最后才转向刘均,不过话都没出声就见刘均站了起来冷冷地说:“休息够了,自己安排时间去工作。”
小陈明明才是正儿八经的警察,这会儿反倒站了起来很恭维应“好”,然后目送刘均离开。
刘均走后,小陈自在了许多,非常有心思的在这种时候还想打探:“听说你们老大未婚,听说你们接一个单子数目都不低,月收入应该是稳定的吧?”
邱韦拿下一侧的耳机,声音很大:“一嘴说媒开场白,怎么,你想给他介绍对象?”
小陈一脸高兴,明明白白就是这个意思。
“你的时间管理也真行,人命关天呢还能有这种心思?”姜莱说,“他以前那些领导心思多着去了想给他介绍对象,没戏,我还愧疚过,是不是我这么漂亮一个拖油瓶给耽误的,结果……”
“结果我老大眼光高,口味新奇。”邱韦指着电脑说,“你没看到他刚刚……”
姜莱在桌下踢了邱韦一下,话没往下说。
姜莱十五岁开始跟刘均生活,邱韦是在他十八岁那年被送到刘均家,那段时间刘均本身就工作繁重,自顾不暇了,还要为姜莱的升学头疼,或者为邱韦的烧钱软件收拾烂摊子。

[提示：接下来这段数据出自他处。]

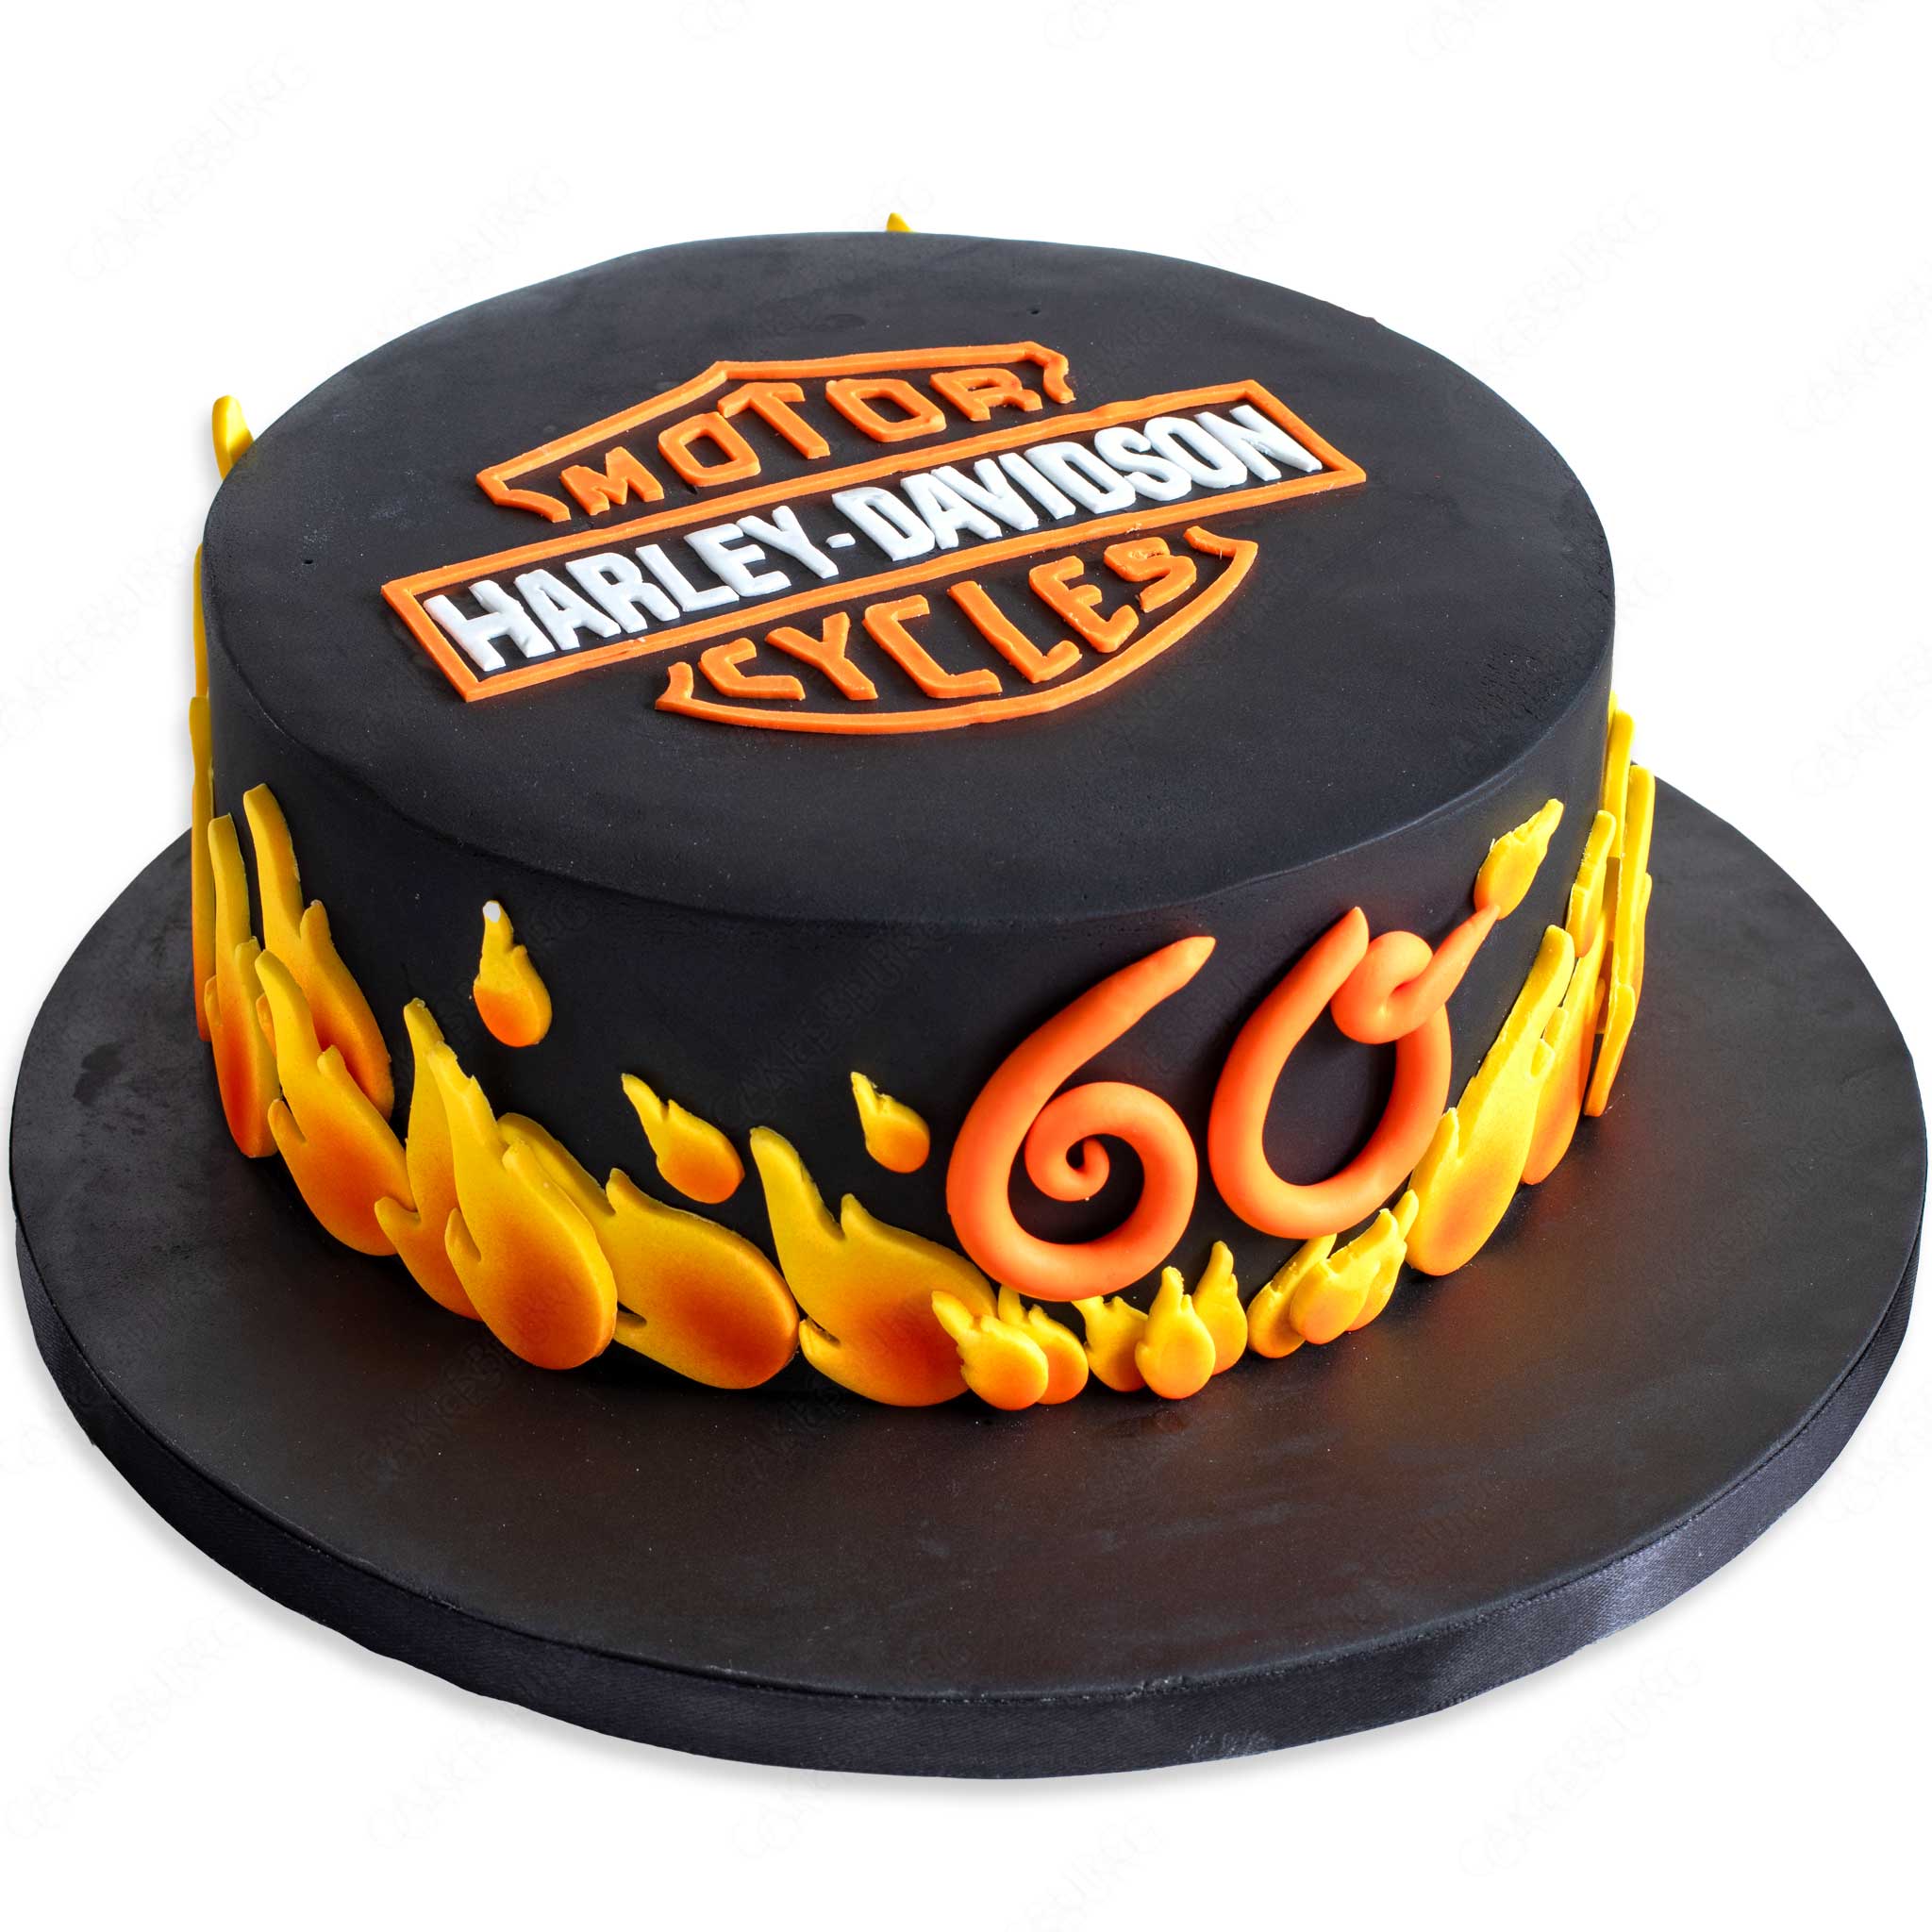 Harley Davidson Cake, Motorbike Birthday Cake | Cool birthday cakes,  Motorcycle cake, Birthday cakes for men

本质上,三个人是临时凑在一起组成家庭成员,他们都有着相似的漫不经心,和披着漫不经心皮下的默默坚持。
而在这个家庭中,刘均是一个家长和指引者的角色。
他没有多余的精力去认识谁、喜欢谁,很长时间,刘都是这么认为的。
现在才发现,其实萌生想认识谁的念头、确定喜欢上了谁,并不费精力,是徒然炸裂的,是一瞬绽开的。
离开小炒店,刘均步行回旅馆,睡了一个并不安稳的午觉,下午之后就没有再佩戴墨镜。
他去了新区的建筑工地,和姜莱一起。
姜莱换了稍微正式的职业装,两个人都一副正正经经精英气派。
还是旅游开发的幌子,并且借了刘均的人脉,提前先拿到在房地产业很有声望的人的推荐,他们受到工地管理人的热情接待,在楼盘和工地参观了一下午。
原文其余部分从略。